- Born: Alessandra Khadijah Usman December 21, 1988 (age 37) Jakarta, Indonesia
- Education: Bandung Institute of Technology
- Height: 1.73 m (5 ft 8 in)
- Spouse: Agga Diguci ​(m. 2017)​
- Children: Salma Rosevella Diguci (2018);
- Beauty pageant titleholder
- Title: Puteri Indonesia Pariwisata 2010; Miss Asia Pacific World Indonesia 2011;
- Hair color: Dark brown
- Eye color: Dark brown
- Major competitions: Puteri Indonesia 2010; (2nd Runner-up – Puteri Indonesia Pariwisata 2010); Miss Asia Pacific World 2011; (1st Runner-up);

= Alessandra Usman =

Indonesian film actress and model

Alessandra Khadijah Usman (born December 21, 1988) is an Indonesian film actress, Ambassador for Ministry of Tourism of Indonesia, model and beauty pageant titleholder who won the Puteri Indonesia Pariwisata of Puteri Indonesia 2010, and automatically acquired the title Puteri Indonesia Pariwisata 2010. She represented Indonesia in Miss Asia Pacific World 2011, where she ended-up won 1st Runner-up and Best Style Dress award in the pageant.

==Early life and education==
Alessandra was born in Jakarta – Indonesia, to a Dutch mother Lunggi Nodie and Gorontaloan father, Mohamad El Idris Usman. She has one older sister, Sarah Marhula Usman and two younger brothers named Mohammad Salman Usman (died on June 4, 2011) and Mohammad Salahuddin Usman. She has been working as a model since the age of 15, and her hobby includes dancing and pilates. She has also been working as an Ambassador for Ministry of Tourism of Indonesia, since she was crowned as Puteri Indonesia Pariwisata 2019. She holds a bachelor's degree in Business Management from Bandung Institute of Technology, Bandung, West Java, Indonesia.
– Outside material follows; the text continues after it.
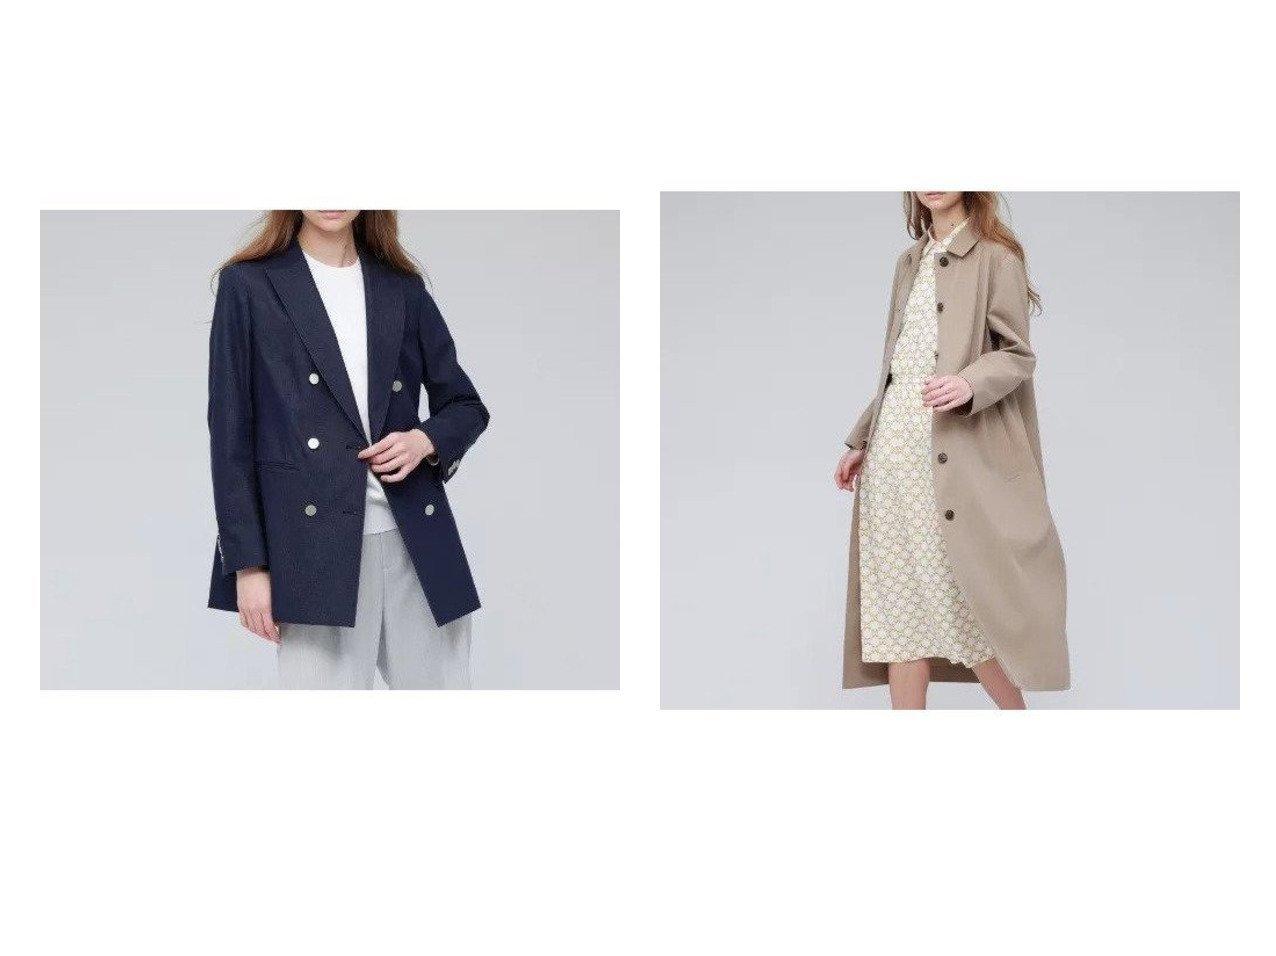 【MACKINTOSH LONDON/マッキントッシュ ロンドン】のコットンストレッチデニムジャケット&サマーコットンウールロングコート アウターのおすすめ!人気、トレンド・レディースファッションの通販 おすすめで人気の流行・トレンド、ファッションの通販商品 メンズファッション・キッズファッション・インテリア・家具・レディースファッション・服の通販 founy(ファニー) https://founy.com/ ファッション Fashion レディースファッション WOMEN アウター Coat Outerwear コート Coats ジャケット Jackets デニムジャケット Denim Jackets ウォッシャブル メタル ショルダー シンプル ドロップ ハンド フランス リラックス |ID:crp329100000022650

On September 14, 2017, Alessandra was married to an Indonesian property businessman, Agga Diguci. The wedding reception was held in Jakarta – Indonesia with a Gorontaloan tradition and heritage theme. she is giving birth to her first daughter Salma Rosevella Diguci on June 12, 2018.

==Pageantry==
===Puteri Indonesia 2010===
Alessandra Usman, competed in Puteri Indonesia 2010 national pageant as the representative of her hometown province Gorontalo, Alessandra was crowned Puteri Indonesia Pariwisata 2010 at the finals held at the Jakarta Convention Center, Jakarta, on October 8, 2010, by the outgoing titleholder of Puteri Indonesia Pariwisata 2005, Isti Ayu Pratiwi of North Maluku.

Alessandra was crowned together with her two bestfriends, Nadine Alexandra Dewi Ames as Puteri Indonesia 2010 and Reisa Kartikasari Broto Asmoro as Puteri Indonesia Lingkungan 2010.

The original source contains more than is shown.